Omdat het verwijderen van een certificaat niet direct plaatsvindt, duurt het enige tijd nadat de beginDeleteCertificate methode is aangeroepen voordat het verwijderde certificaat kan worden gelezen, hersteld of opgeschoond.

Lijsten met certificaten herhalen

Met behulp van de CertificateClient kunt u alle certificaten in een certificaatkluis ophalen en herhalen, evenals door alle verwijderde certificaten en de versies van een specifiek certificaat.

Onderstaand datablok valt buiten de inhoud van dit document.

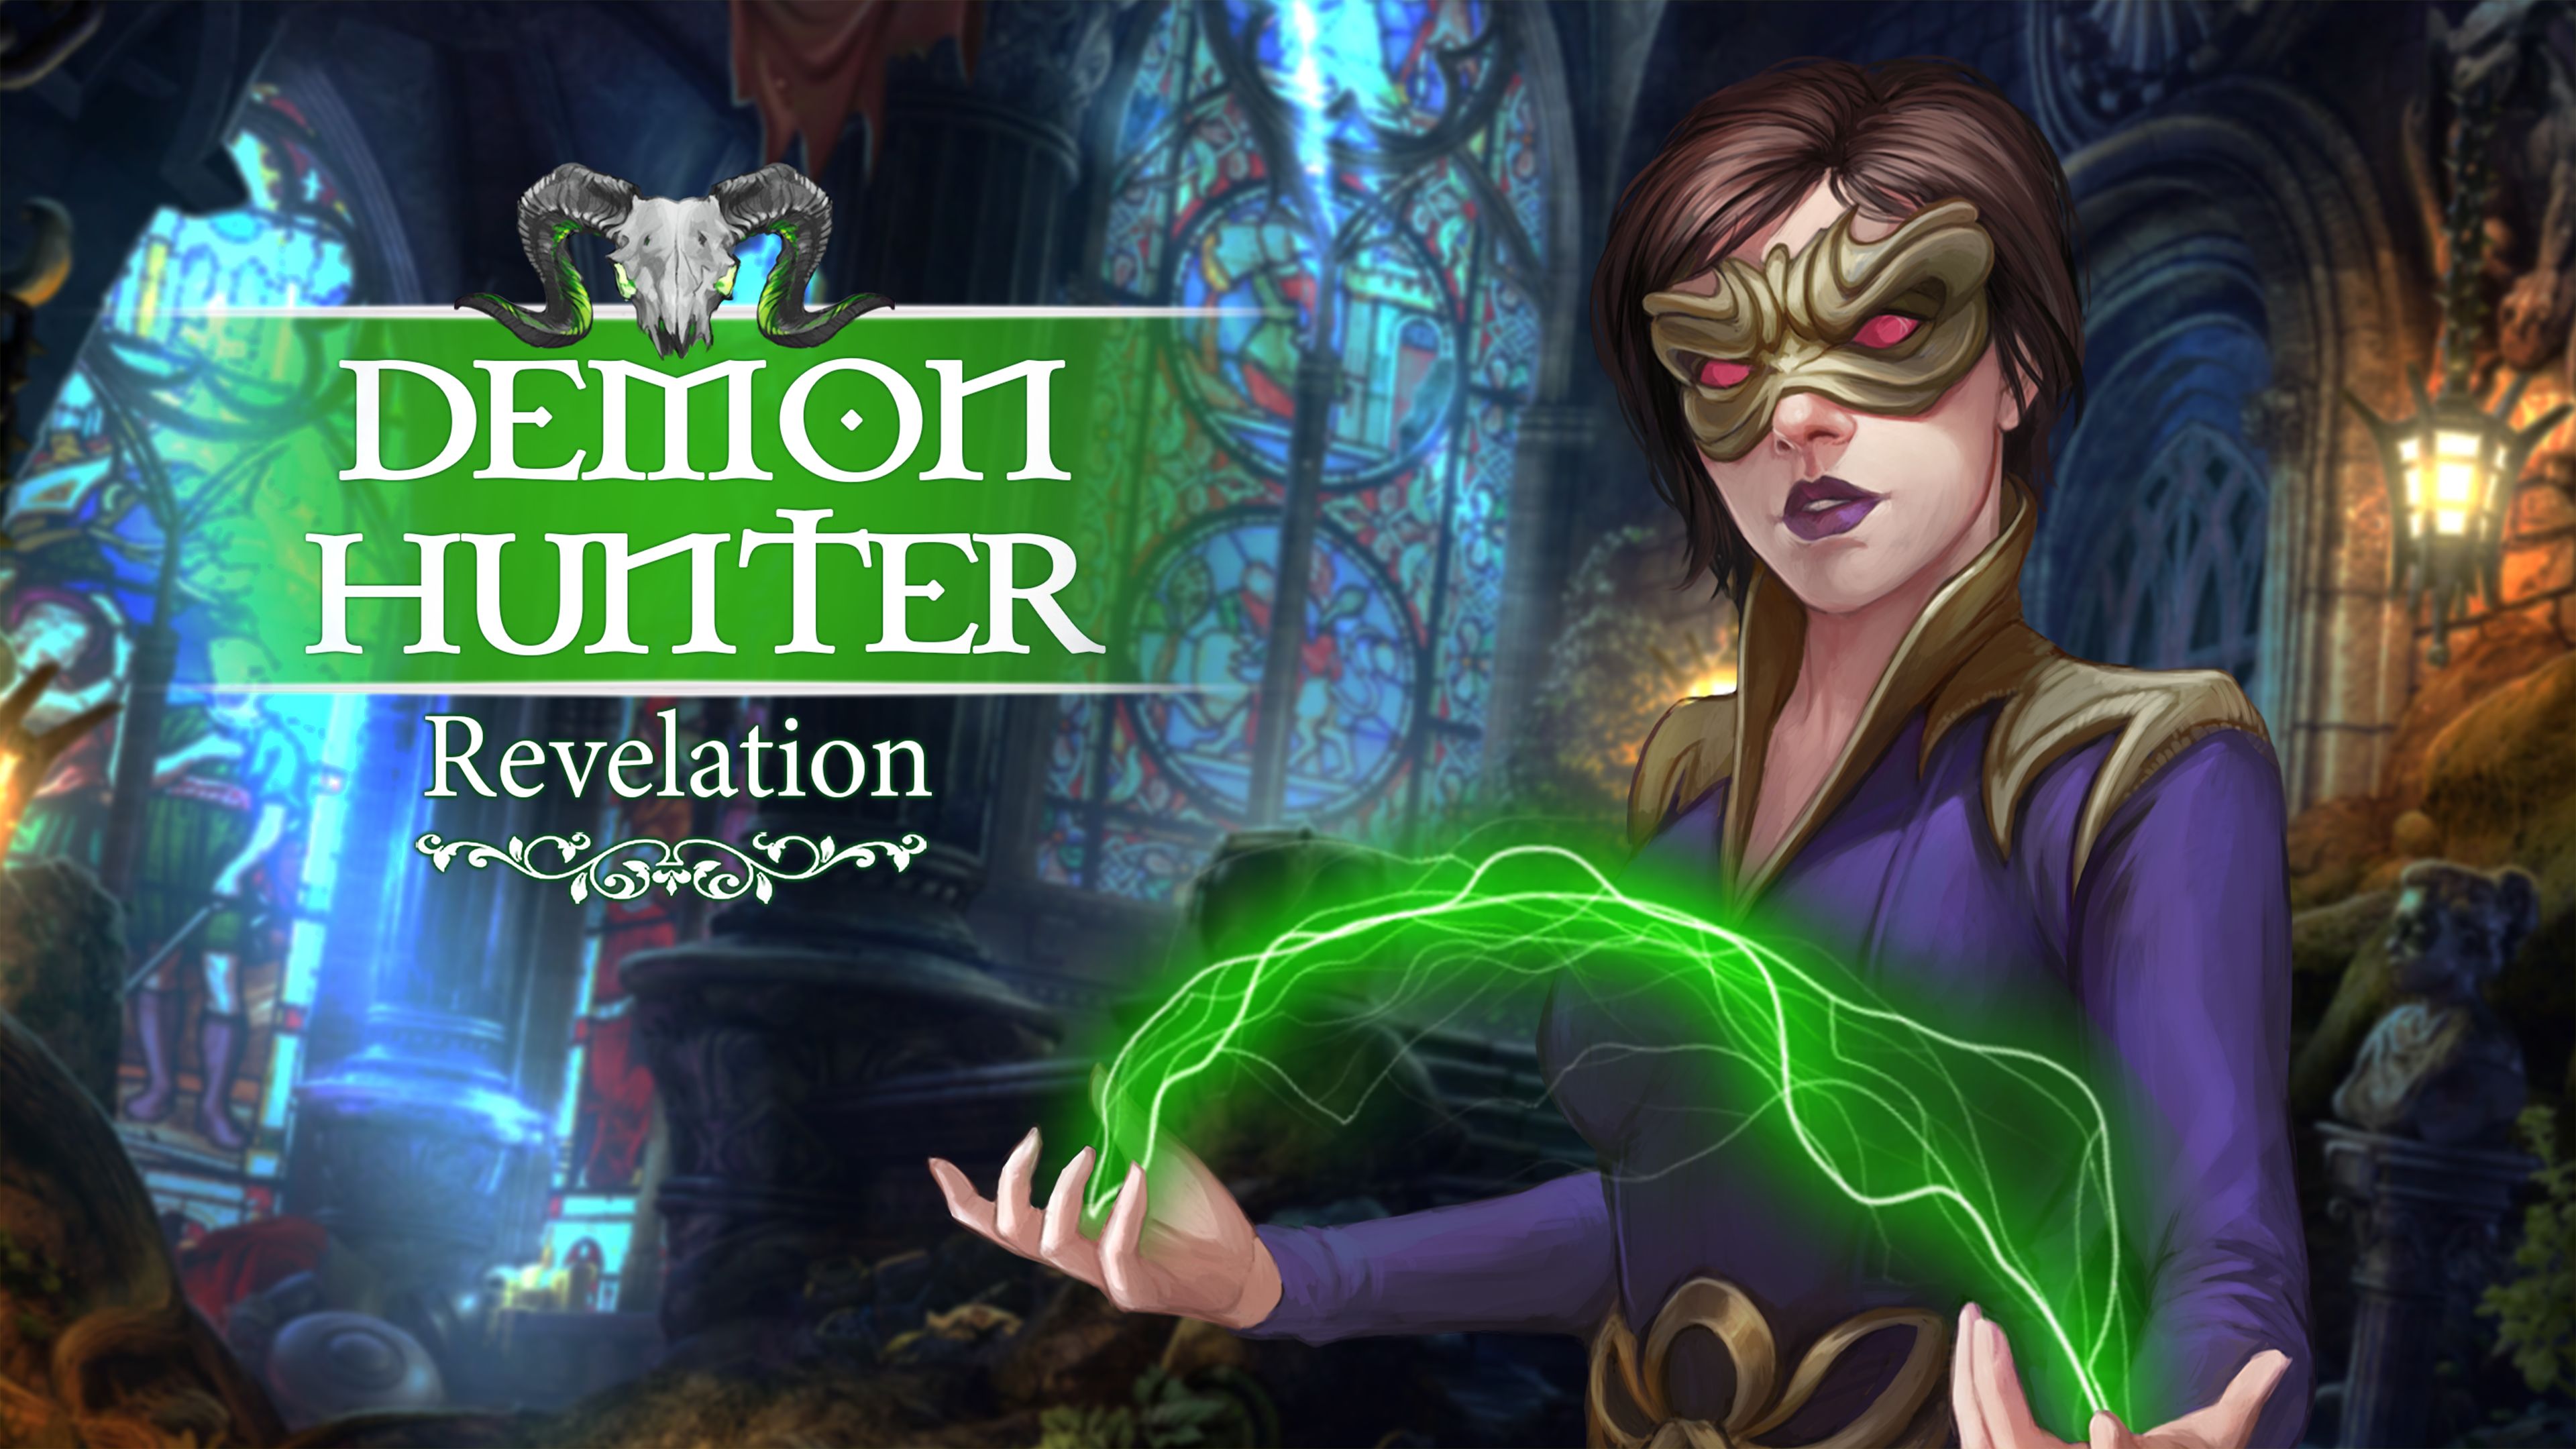 Demon Hunter: Revelation

De volgende API-methoden zijn beschikbaar:

  • listPropertiesOfCertificates vermeldt al uw niet-verwijderde certificaten op hun naam, alleen in hun nieuwste versies.
  • listDeletedCertificates geeft alle verwijderde certificaten weer op hun naam, alleen in de nieuwste versies.
  • listPropertiesOfCertificateVersions geeft alle versies van een certificaat weer op basis van een certificaatnaam.

Deze kan als volgt worden gebruikt:

const { DefaultAzureCredential } = require("@azure/identity");
const { CertificateClient } = require("@azure/keyvault-certificates");

const credential = new DefaultAzureCredential();

const vaultName = "<YOUR KEYVAULT NAME>";
const url = `https://${vaultName}.vault.azure.net`;

const client = new CertificateClient(url, credential);

const certificateName = "MyCertificateName";

async function main() {
  for await (let certificateProperties of client.listPropertiesOfCertificates()) {
    console.log("Certificate properties: ", certificateProperties);
  }
  for await (let deletedCertificate of client.listDeletedCertificates()) {
    console.log("Deleted certificate: ", deletedCertificate);
  }
  for await (let certificateProperties of client.listPropertiesOfCertificateVersions(
    certificateName
  )) {
    console.log("Certificate properties: ", certificateProperties);
  }
}

main();

Al deze methoden retourneren alle beschikbare resultaten tegelijk. Als u ze per pagina wilt ophalen, voegt u deze als volgt toe .byPage() nadat u de API-methode hebt aangeroepen die u wilt gebruiken:

const { DefaultAzureCredential } = require("@azure/identity");
const { CertificateClient } = require("@azure/keyvault-certificates");

const credential = new DefaultAzureCredential();

const vaultName = "<YOUR KEYVAULT NAME>";
const url = `https://${vaultName}.vault.azure.net`;

const client = new CertificateClient(url, credential);

const certificateName = "MyCertificateName";

async function main() {
  for await (let page of client.listPropertiesOfCertificates().byPage()) {
    for (let certificateProperties of page) {
      console.log("Certificate properties: ", certificateProperties);
    }
  }
  for await (let page of client.listDeletedCertificates().byPage()) {
    for (let deletedCertificate of page) {
      console.log("Deleted certificate: ", deletedCertificate);
    }
  }
  for await (let page of client.listPropertiesOfCertificateVersions(certificateName).byPage()) {
    for (let certificateProperties of page) {
      console.log("Properties of certificate: ", certificateProperties);
    }
  }
}

main();

Problemen oplossen

Het inschakelen van logboekregistratie kan helpen bij het ontdekken van nuttige informatie over fouten. Als u een logboek met HTTP-aanvragen en -antwoorden wilt zien, stelt u de AZURE_LOG_LEVEL omgevingsvariabele in op info. Logboekregistratie kan ook worden ingeschakeld tijdens runtime door aan te roepen setLogLevel in de @azure/logger:

import { setLogLevel } from "@azure/logger";

setLogLevel("info");

Zie onze gids voor probleemoplossing voor meer informatie over het diagnosticeren van verschillende foutscenario's.

Volgende stappen

Meer codevoorbeelden vindt u via de volgende koppelingen:

Bijdragen

Als u een bijdrage wilt leveren aan deze bibliotheek, leest u de handleiding voor bijdragen voor meer informatie over het bouwen en testen van de code.